この記事を書いた人|ひざき
米国株をメインに資産運用中。AIと一緒に自動売買システムを自作し、ペーパー口座での売買実績を毎週そのまま公開しています。自分の資産額も毎週公開中。専門家ではなく、いま実際に手を動かしている個人投資家の目線で書いています。→ プロフィール
みなさん、「NYダウは史上最高値なのに、ナスダックは下がっている」というニュースを見て、頭の中が「?」になったことはありませんか?
私は昨日の記事でNYダウの史上最高値についてお話ししましたが、実はその裏側で、ナスダックや半導体株はけっこう売られています。同じ米国株なのに、なぜこんなにバラバラの動きをするのでしょうか。
その答えのカギが、今回のテーマ「セクターローテーション(循環物色)」です。2026年7月の実際の相場を例に、初心者の方にもわかりやすく解説していきます!!
2026年7月の相場で何が起きているのか
まずは実際の数字から見てみましょう。2026年7月7日(現地時間)の米国市場は、次のような結果でした。
| 指数 | 終値 | 前日比 |
|---|---|---|
| NYダウ | 52,925.15 | -0.25% |
| S&P500 | 7,503.85 | -0.45% |
| ナスダック総合 | 25,818.69 | -1.16% |
ナスダックの下げがひときわ大きいですよね。中身を見ると、半導体大手のマイクロン・テクノロジーが4.7%安、半導体ETFのSMHが3%超の下落と、AI・半導体関連が集中的に売られました(2026年7月7日時点)。一方で、直前の週までNYダウ(米国を代表する30社で構成される株価指数)は史上最高値を更新していたのです。下のチャートは、NYダウに連動するETF「DIA」の値動きです。

つまり「株全体が売られた」のではなく、「AI・半導体からお金が抜けて、別の場所に移動した」というのが今の相場の姿です。
セクターローテーション(循環物色)とは?
セクターローテーションとは、投資家のお金が特定のセクター(ハイテク、エネルギー、金融といった業種グループ)から別のセクターへ、ぐるぐると移動していく現象のことです。日本語では「循環物色」とも呼ばれます。
- 景気や金利の局面によって、買われやすいセクターは変わる
- 上がりすぎたセクターには利益確定売りが出やすい
- 出遅れている(まだ割安な)セクターにお金が向かいやすい
イメージとしては、パーティー会場で人気の料理テーブルに人が集まりすぎると、だんだん隣の空いているテーブルへ人が流れていく…そんな感じです。株式市場でも「混みすぎた場所」からお金が逃げて、「空いている場所」に流れ込むわけですね。
ちなみに米国株の主なセクターには、次のようなものがあります。それぞれ「強い局面」が違うのがポイントです。

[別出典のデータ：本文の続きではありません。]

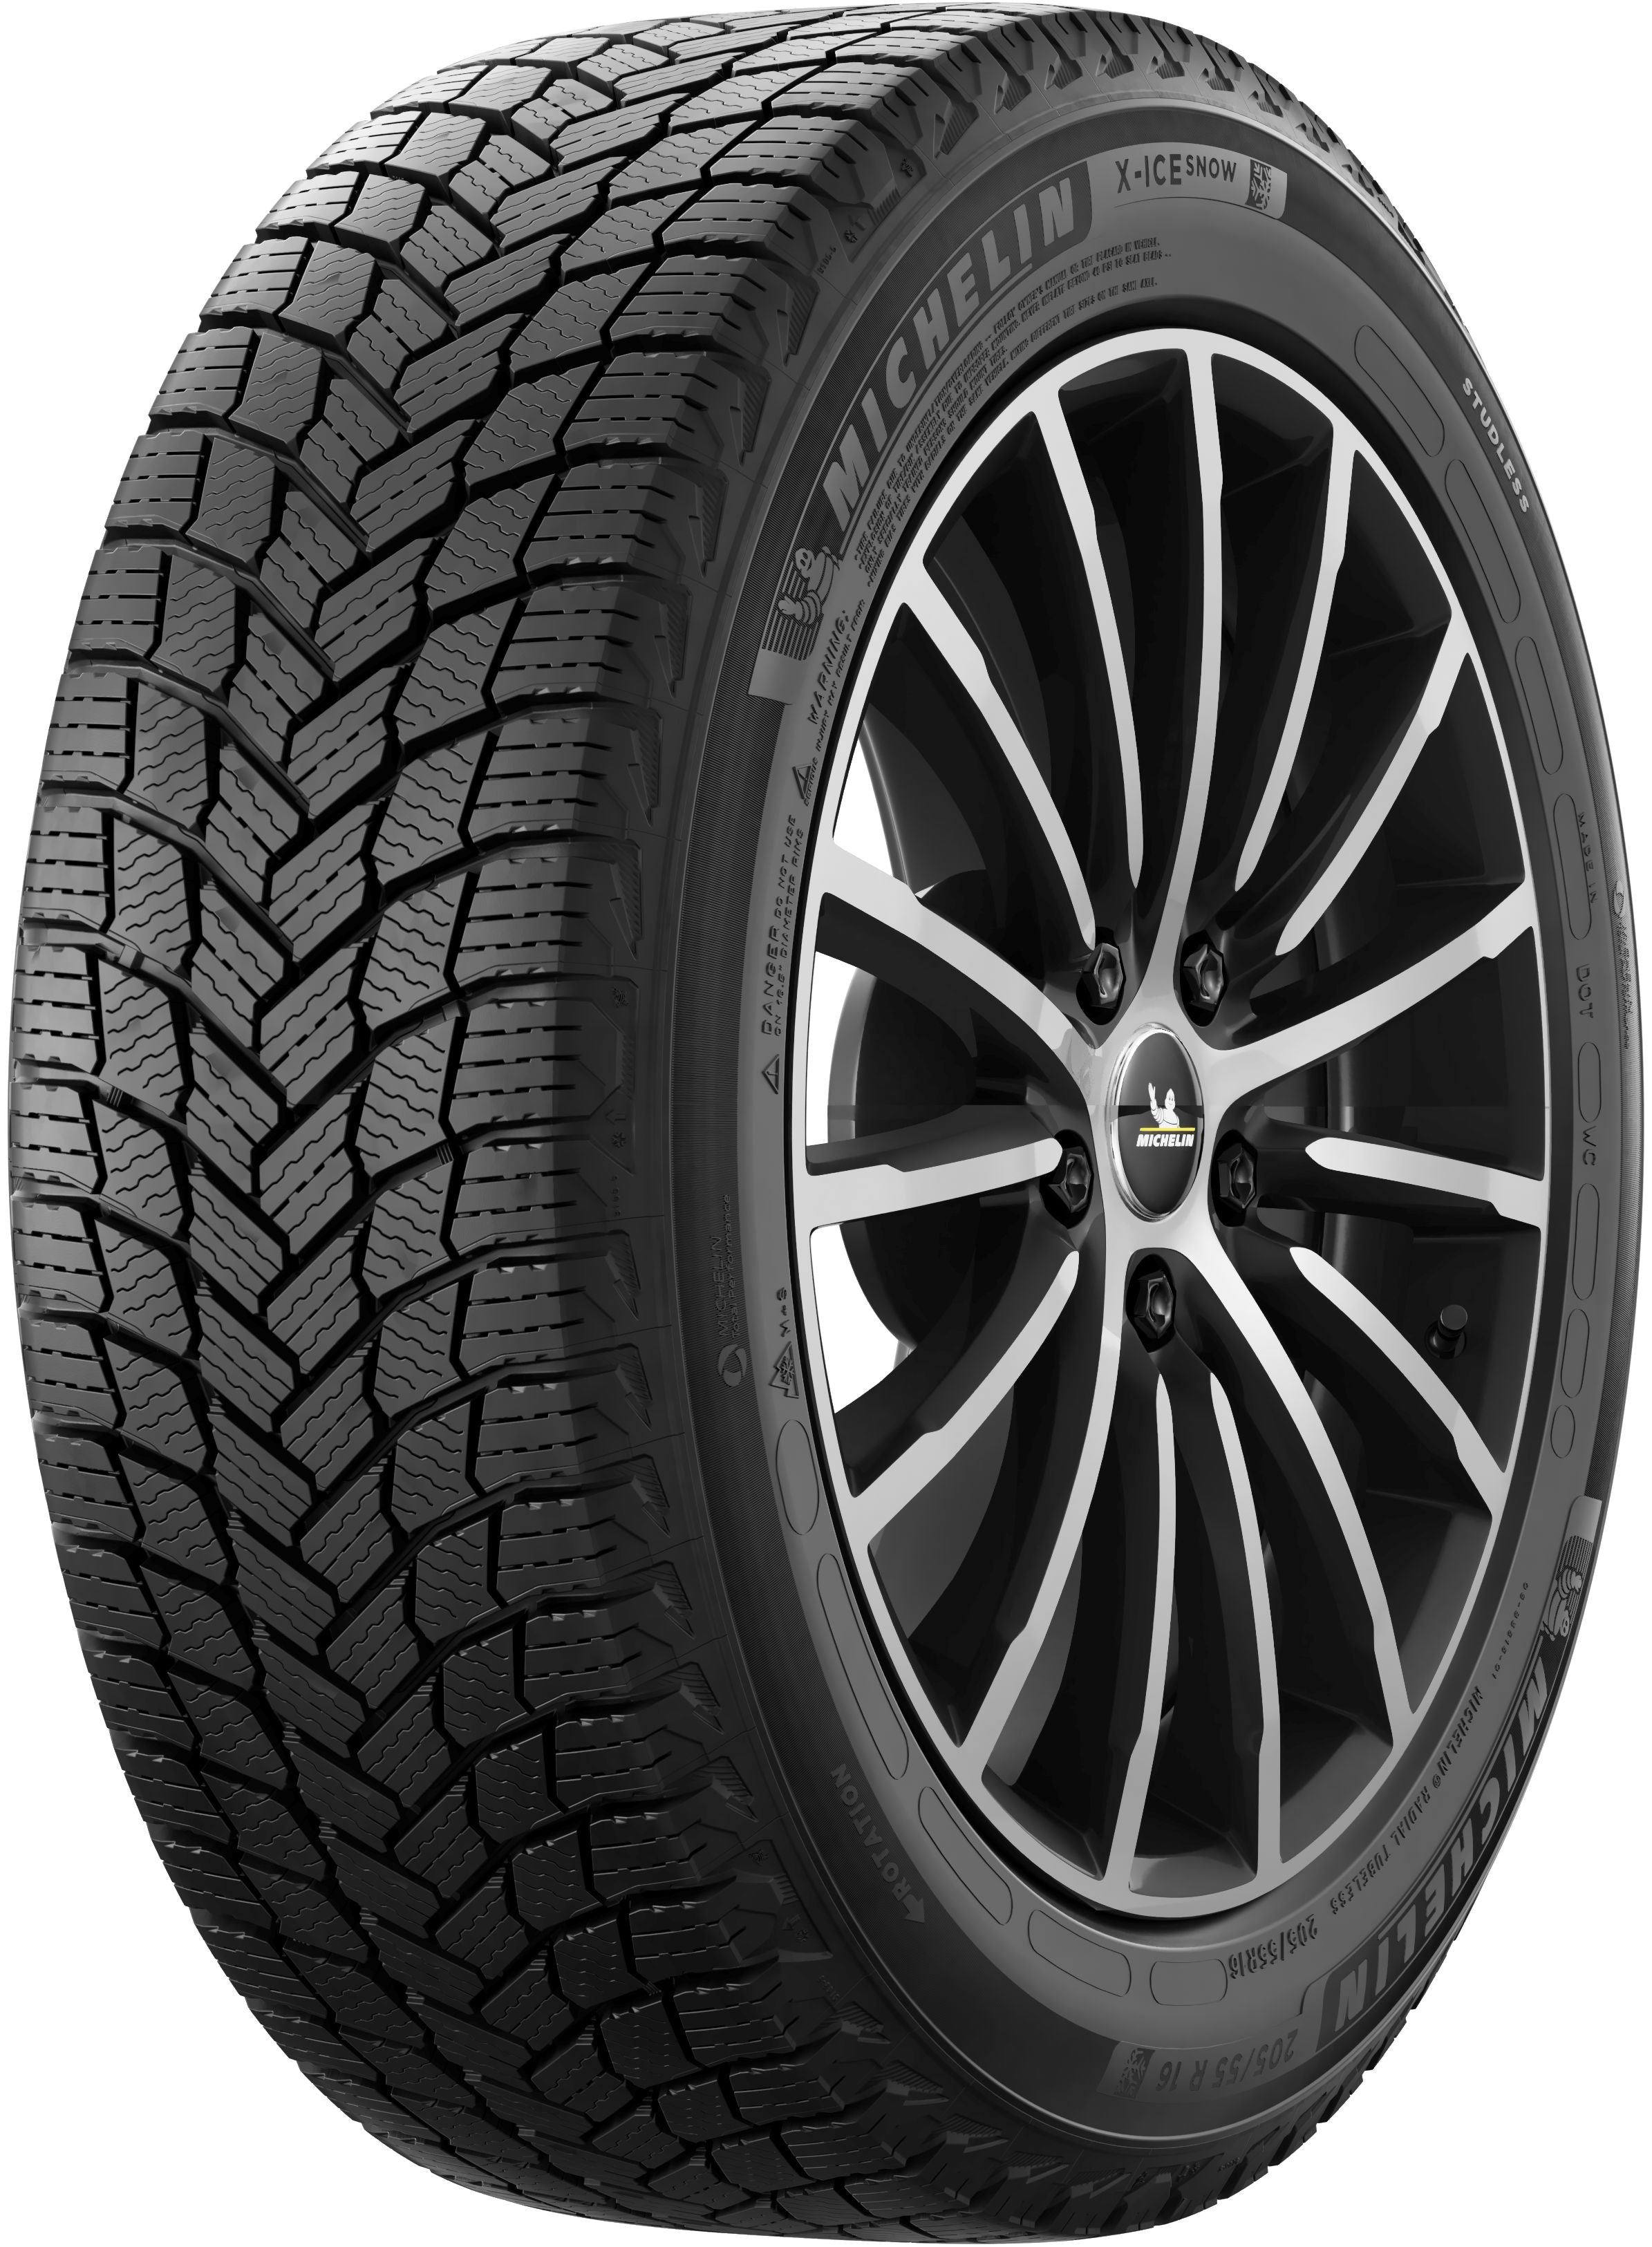 Toyo Tires - Celsius CUV - 235/55R19 XL 105V BSW - All weather

| セクター | 代表的な銘柄例 | 強くなりやすい局面 |
|---|---|---|
| 情報技術(ハイテク) | アップル、エヌビディア | 景気拡大・低金利 |
| エネルギー | エクソンモービル | 原油高・インフレ |
| 金融 | JPモルガン | 金利上昇 |
| ヘルスケア | ジョンソン・エンド・ジョンソン | 景気後退への備え |
| 生活必需品 | P&G、コカ・コーラ | 不況・守りの相場 |
こうして見ると、「どんな相場でも、どこかのセクターには追い風が吹いている」ことがわかりますよね。だからこそ、お金は止まらずにぐるぐると循環し続けるのです。
なぜ今、AI・半導体株からお金が流れ出ているのか
今回のローテーションには、大きく3つの背景があると考えています。
- 上がりすぎの反動:2026年前半の米国株はAI・半導体がけん引役でした。上がりすぎた株には「さすがに高くない?」というバリュエーション(株価の割高・割安の評価)への警戒が強まります
- 原油高でエネルギーに注目:米財務省がイラン産原油の販売を認めるライセンスを取り消すと報じられ、ブレント原油は5%超上昇して1バレル76ドル台に(2026年7月7日時点)。エネルギー関連株に買いが入りました
- 著名投資家の警戒発言:AI半導体株の調整リスクを指摘する大口投資家も現れ、利益確定売りを後押ししています
実際にナスダック100(ナスダックの主要100社)に連動するETF「QQQ」のチャートを見ると、高値圏から調整している様子がわかります。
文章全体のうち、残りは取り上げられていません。